After teaching a class about the female reproductive system, the nurse asks the attendees to describe the process of meiosis. Which student response suggests successful comprehension of the material?
- “Completion of the second meiotic division results in formation of three polar bodies and one ovum.”
- “At the time of ovulation, the first meiotic division begins.”
- “Completion of the first meiotic division produces three polar bodies and one primary oocyte.”
- “At the time of puberty, the second meiotic division begins.”
You are counseling a young woman regarding contraception. When asked if she currently uses any form of contraception, she replies, “I can’t get pregnant because I don’t have intercourse on the day I ovulate.” Based upon her response, what information should you include in your teaching?
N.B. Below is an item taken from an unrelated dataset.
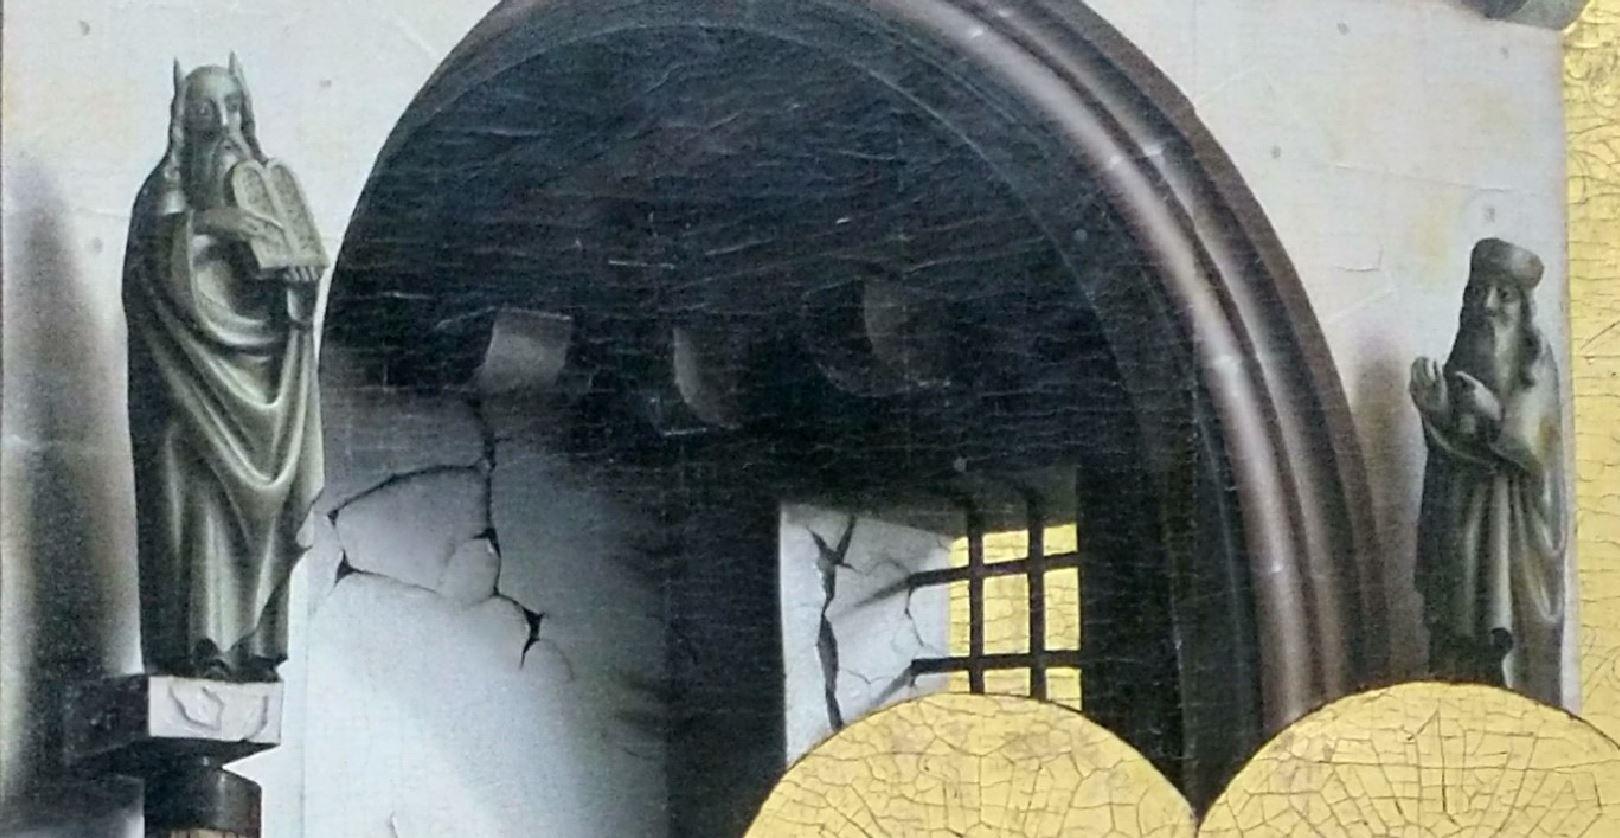 1437-40 Konrd Witz Porte doree Musee des BA Bale statuettes

- Refraining from intercourse on the day of ovulation will effectively prevent pregnancy.
- Sperm are believed to be healthy and highly fertile for at least five days.
- After ovulation, ova are considered fertile for about 72-96 hours.
- Sperm survive 48-72 hours in the female reproductive tract.
When evaluating information taught about conception and fetal development, the patient verbalizes understanding about transportation time of the zygote through the fallopian tube and into the cavity of the uterus with which statement?
- “It will take at least three days for the egg to reach the uterus.”
- “It will take eight days for the egg to reach the uterus.”
- “It will only take 12 hours for the egg to go through the fallopian tube.”
- “It will take 18 hours for the fertilized egg to implant in the uterus.”
If only a small volume of sperm is discharged into the vagina, an insufficient amount of enzymes might be released when sperm encounters the ovum. In that case, pregnancy would probably not result because:
- Peristalsis of the fallopian tube would decrease, making it difficult for the ovum to enter the uterus.
- The block to polyspermy (cortical reaction) would not occur.
- The fertilized ovum would be unable to implant in the uterus.
- Sperm would be unable to penetrate the zona pellucida of the ovum.
The nurse is caring for a patient who is pregnant with twins. Which statement indicates the patient needs additional information?
- “Because both of my twins are boys, I know that they are identical.”
- “If my twins came from one fertilized egg that split, they are identical.”
- “If I have one boy and one girl, I will know they came from two eggs.”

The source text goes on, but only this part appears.